COLLECTED DATA:
= Beginning of Section =
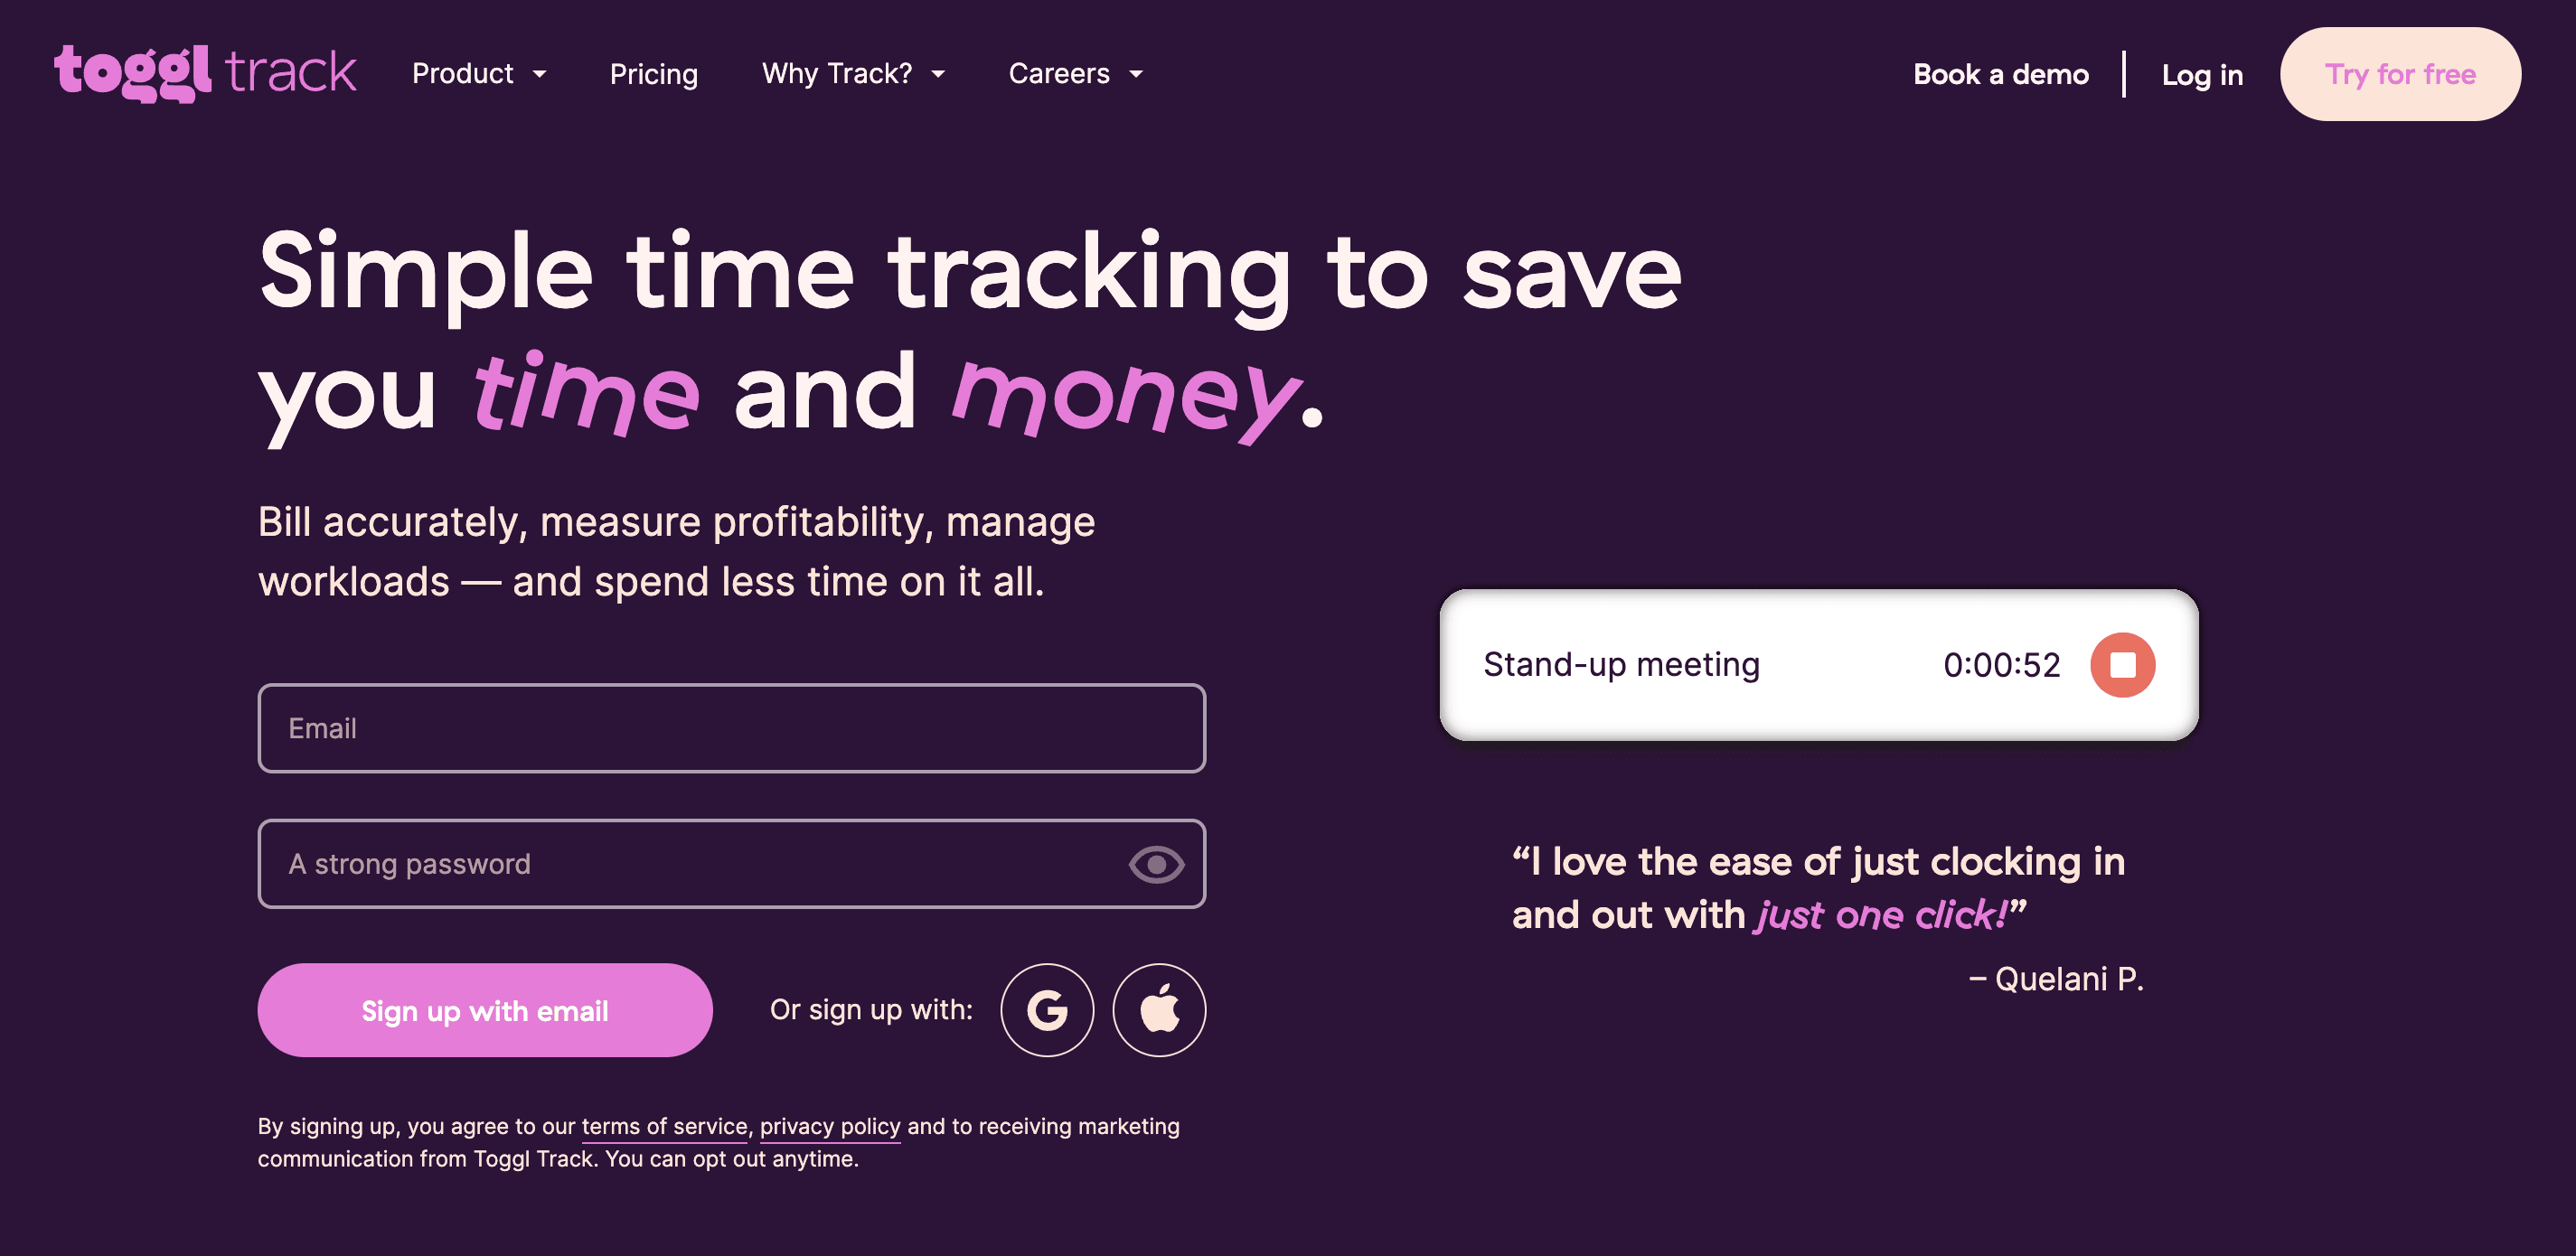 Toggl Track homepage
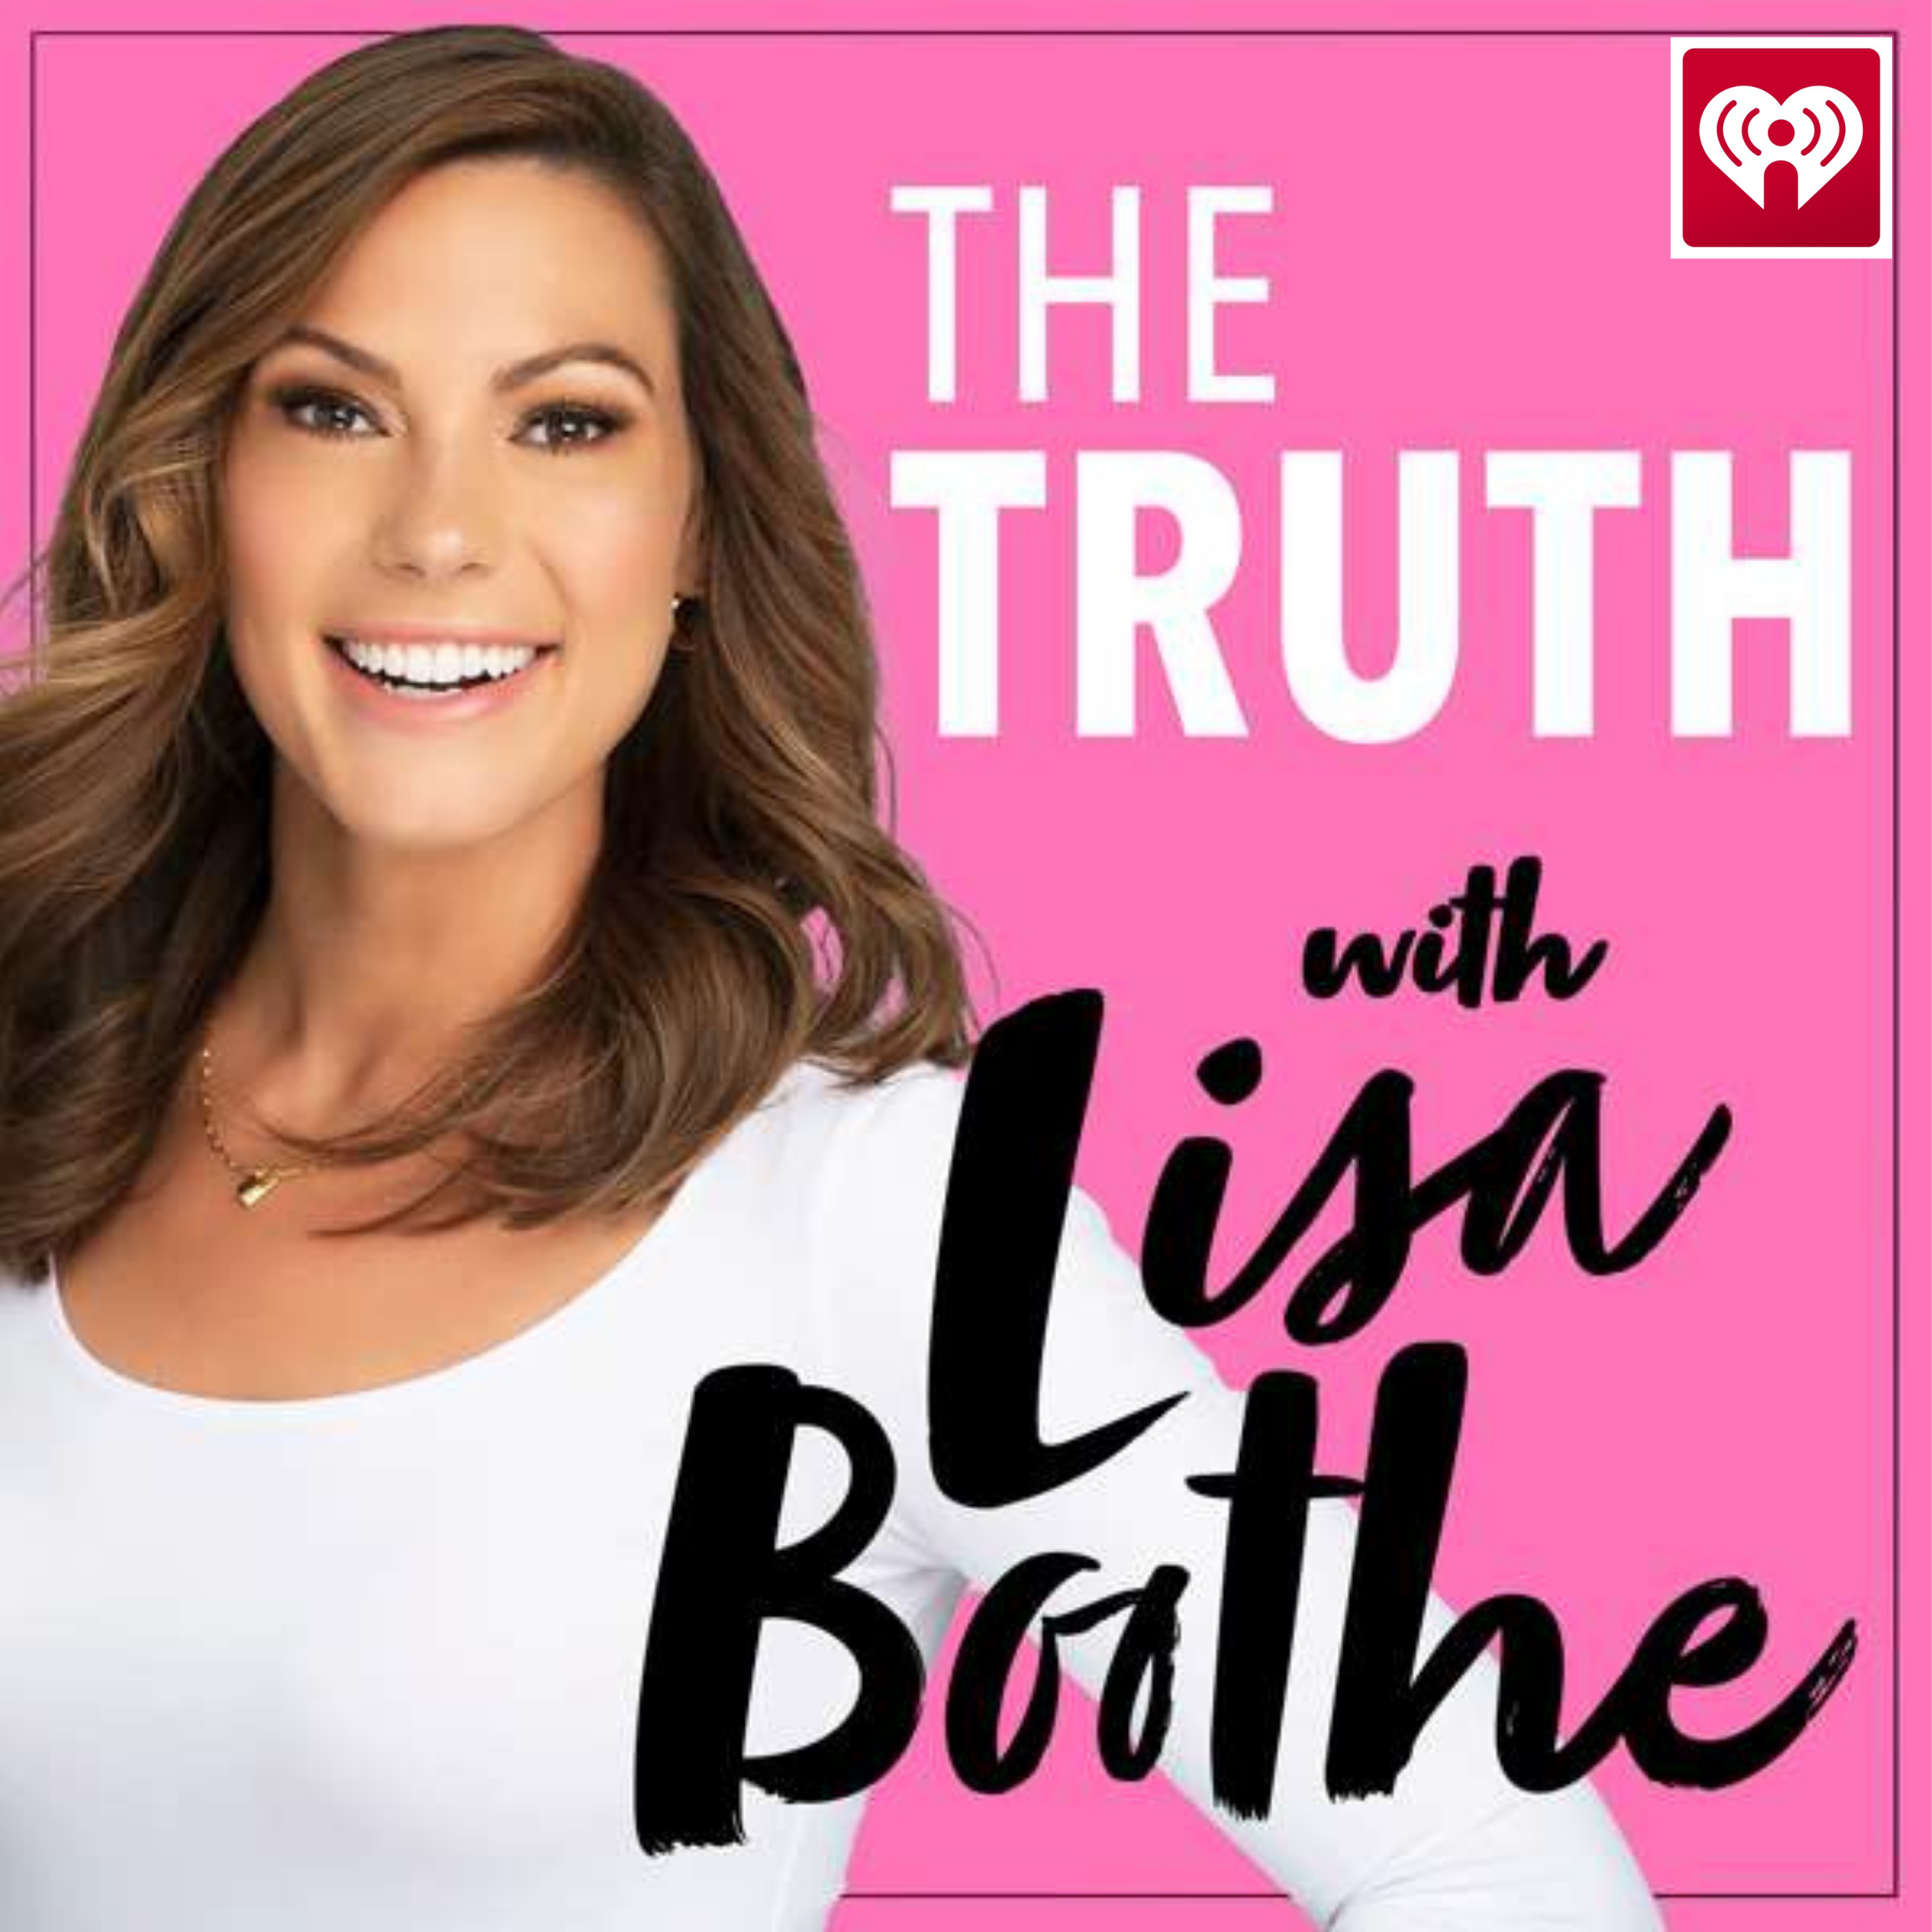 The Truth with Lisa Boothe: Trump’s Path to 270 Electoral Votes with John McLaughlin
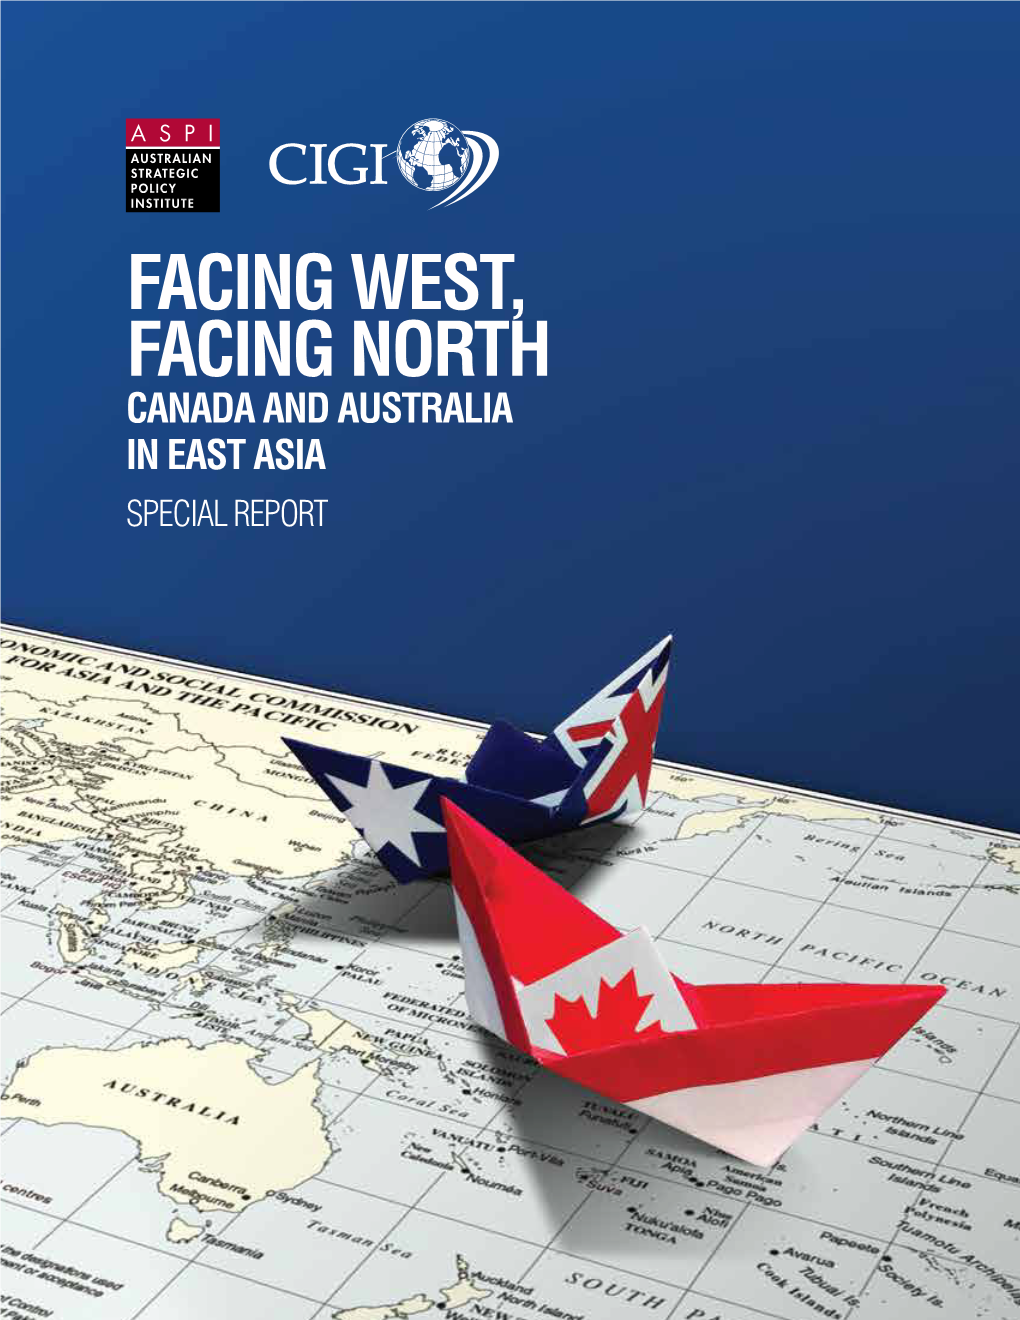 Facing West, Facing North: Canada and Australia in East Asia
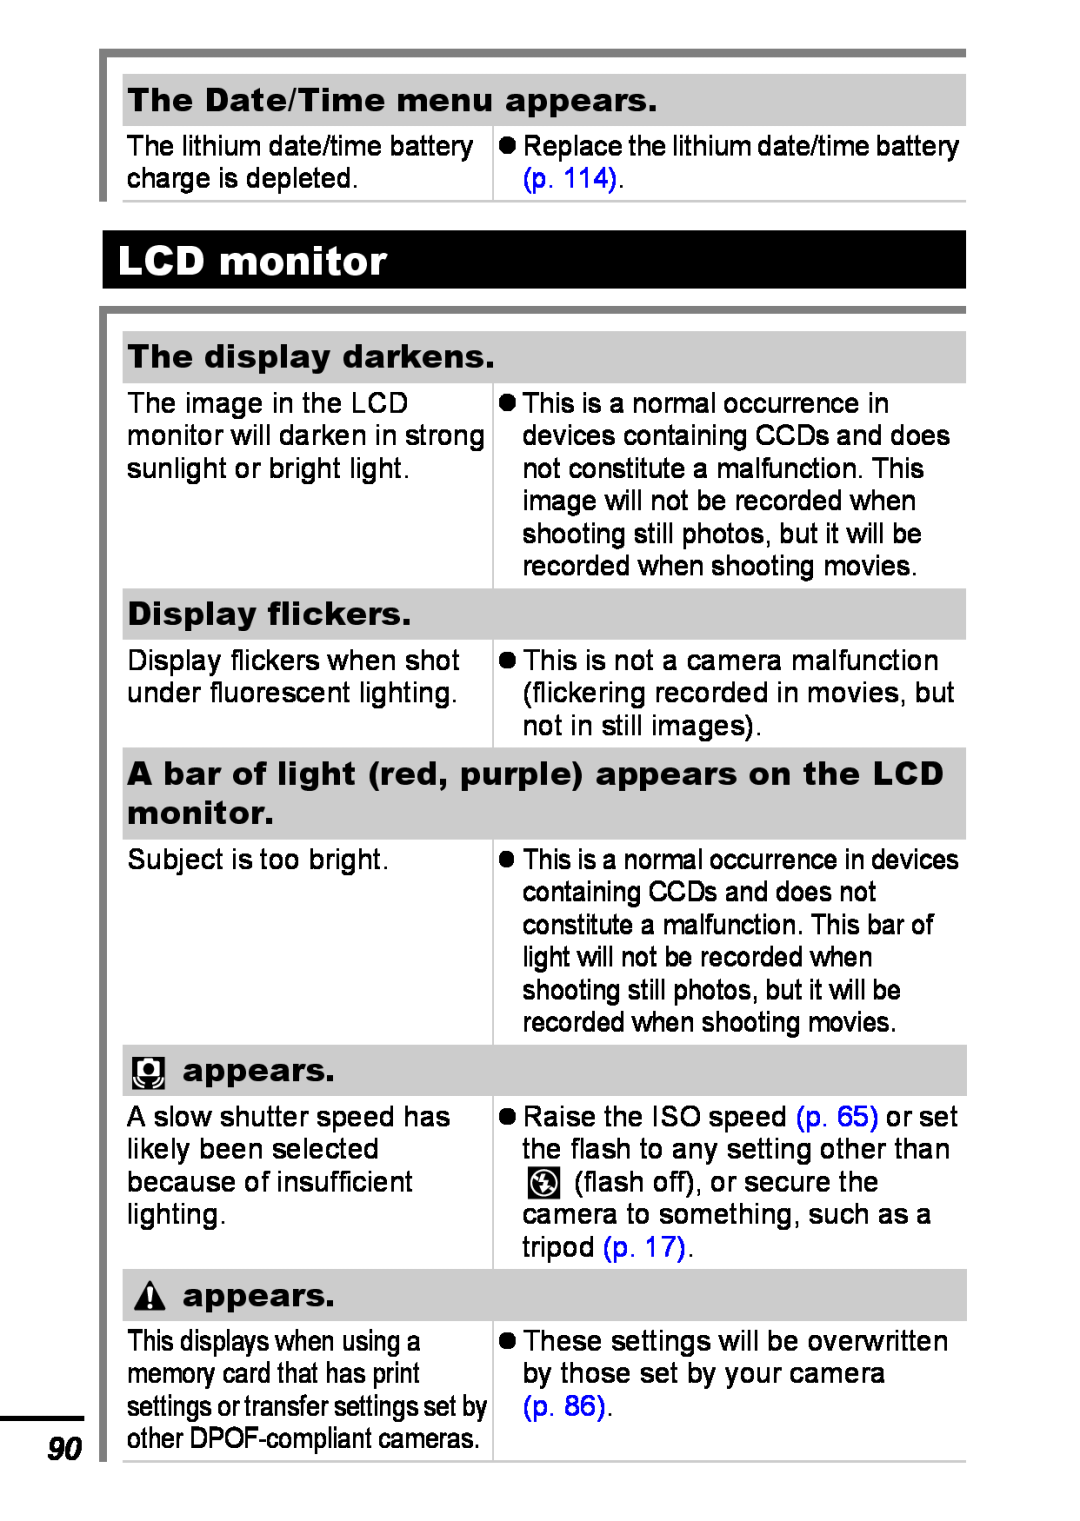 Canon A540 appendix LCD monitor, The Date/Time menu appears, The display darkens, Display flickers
= End of Section =
PROBLEM STATEMENT: With pictures excluded, output the listing above exactly as it stands.

OUTPUT FOR THIS EXERCISE:
 Toggl Track homepage
 The Truth with Lisa Boothe: Trump’s Path to 270 Electoral Votes with John McLaughlin
 Facing West, Facing North: Canada and Australia in East Asia
 Canon A540 appendix LCD monitor, The Date/Time menu appears, The display darkens, Display flickers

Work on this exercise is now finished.